Top of DATA TO USE
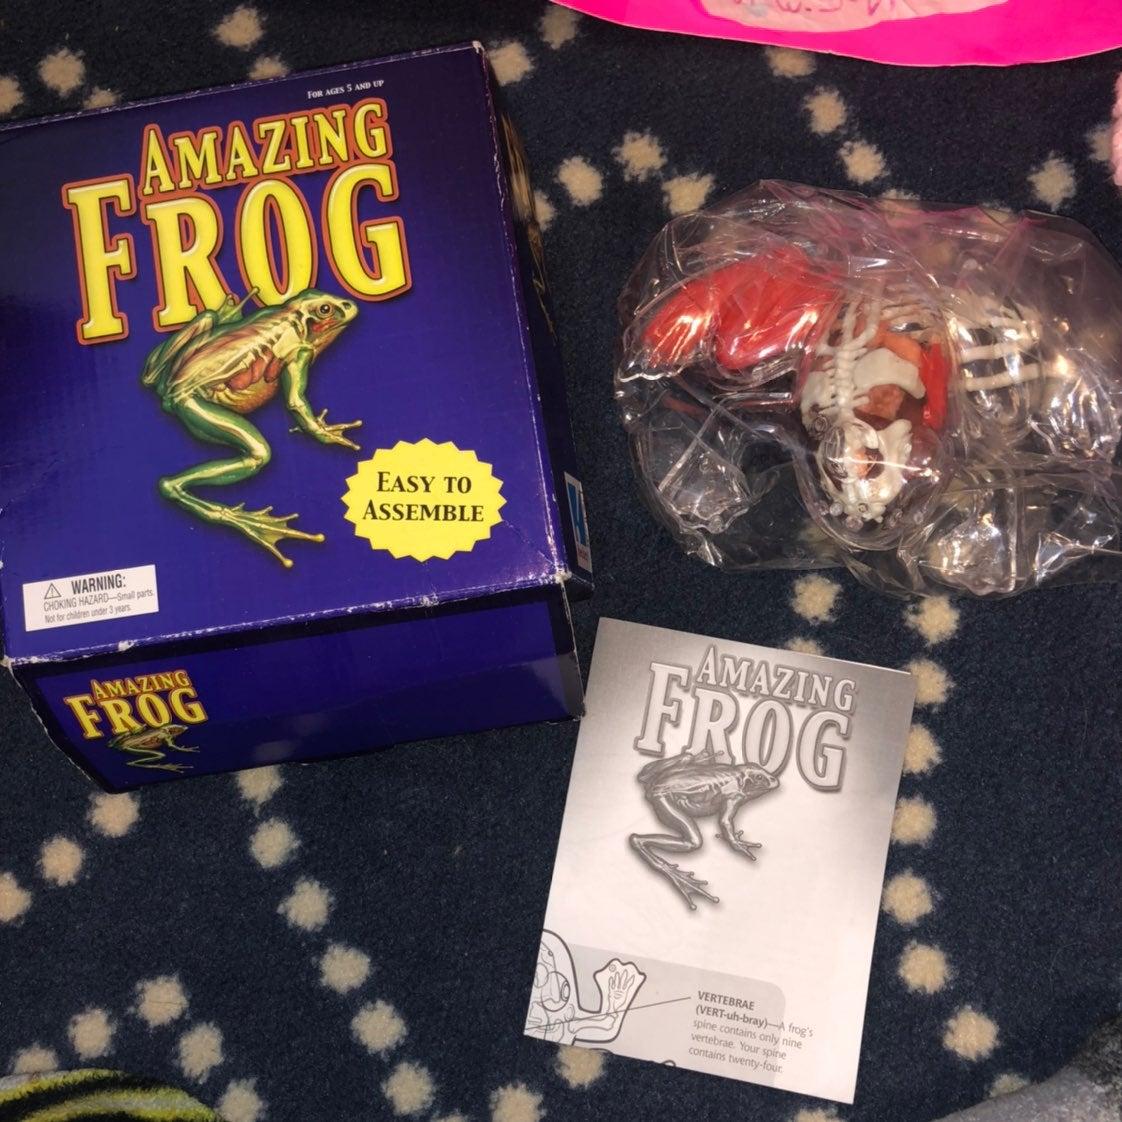 Amazing frog (fake Dissection frog)
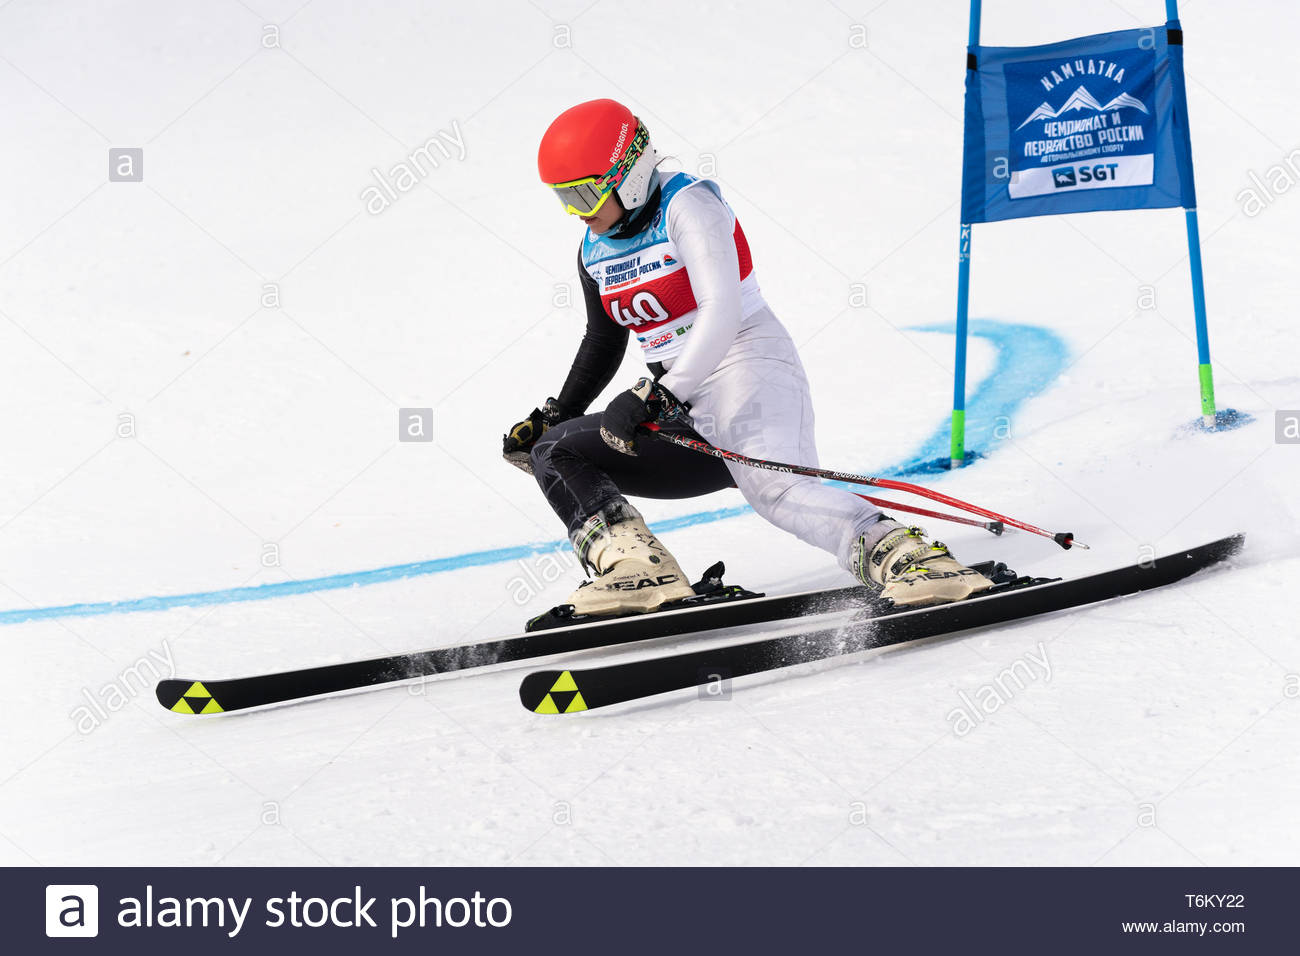 KAMCHATKA, RUSSIA - APRIL 2, 2019: Russian Women's Alpine Skiing Cup, International Ski Federation Championship - giant slalom. Mountain skier Ekateri - Stock Image
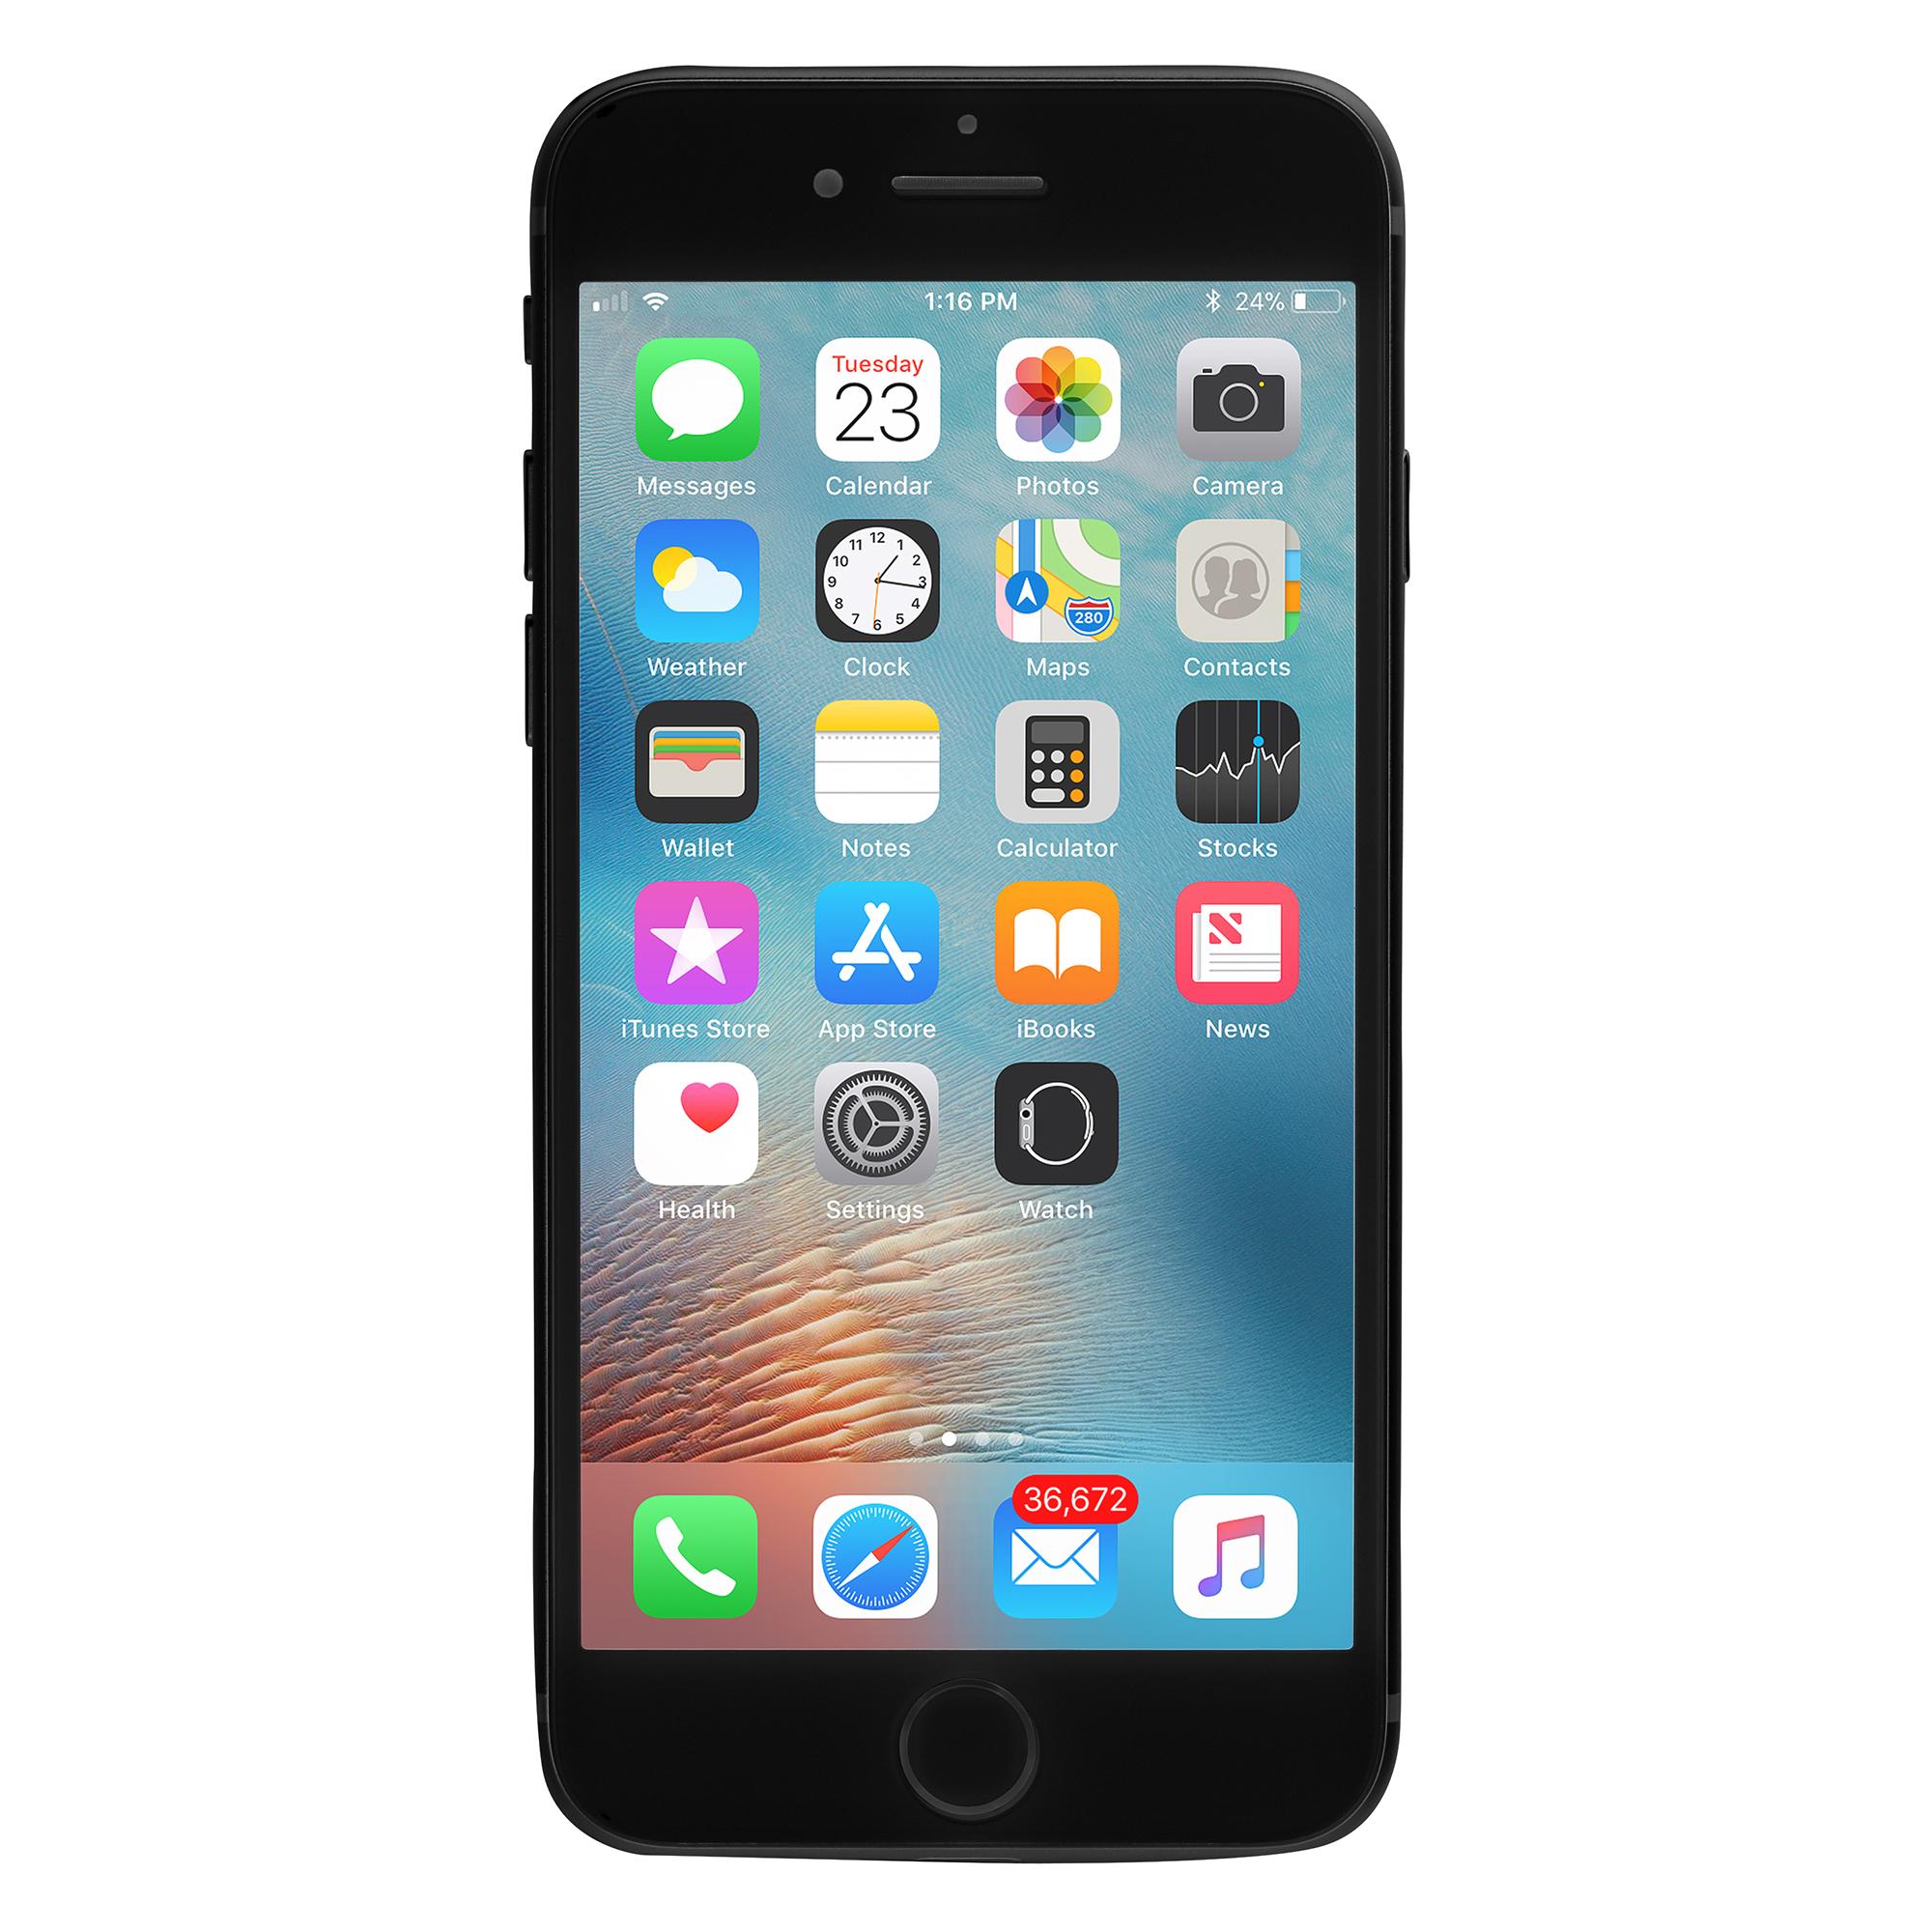 Apple-iPhone-7-a1778-32GB-GSM-Unlocked
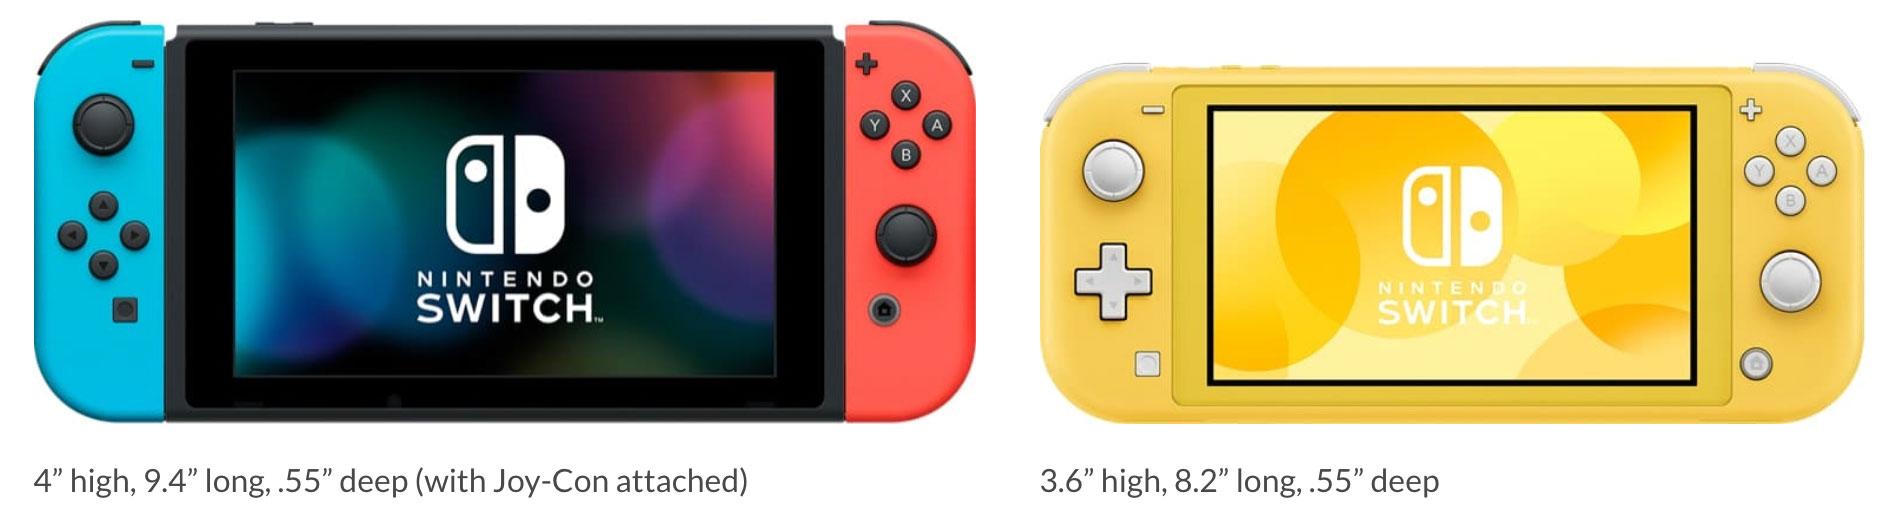 nintendo-switch-vs-nintendo-switch-lite
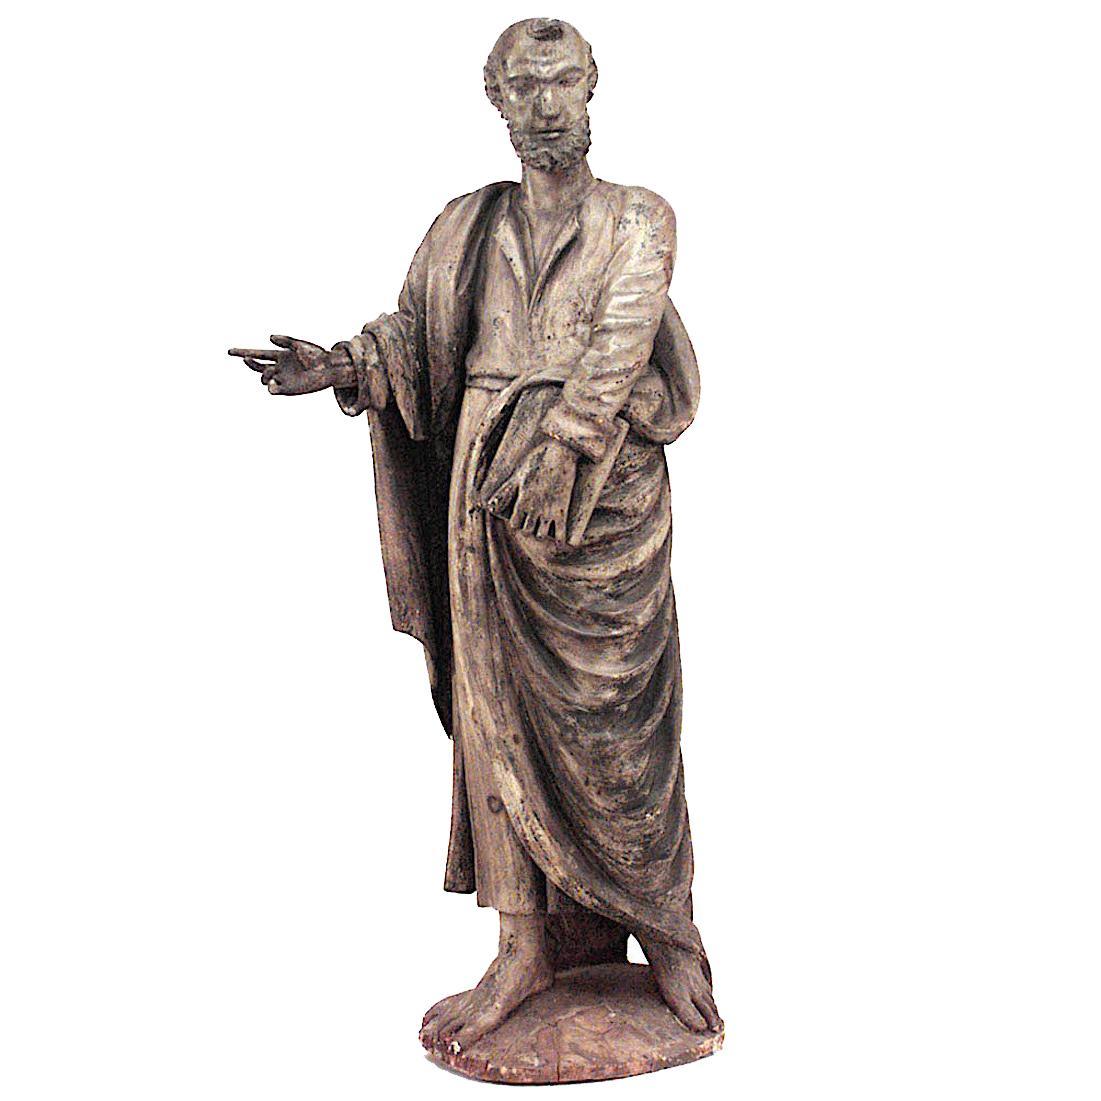 Italian Renaissance Painted Lifesize Figure of Religious Scholar
Bottom of DATA TO USE
§ AIM OF THE EXERCISE
A word-for-word copy of the records is required. Leave out every picture.

§ ANSWER FOR THIS EXERCISE
 Amazing frog (fake Dissection frog)
 KAMCHATKA, RUSSIA - APRIL 2, 2019: Russian Women's Alpine Skiing Cup, International Ski Federation Championship - giant slalom. Mountain skier Ekateri - Stock Image
 Apple-iPhone-7-a1778-32GB-GSM-Unlocked
 nintendo-switch-vs-nintendo-switch-lite
 Italian Renaissance Painted Lifesize Figure of Religious Scholar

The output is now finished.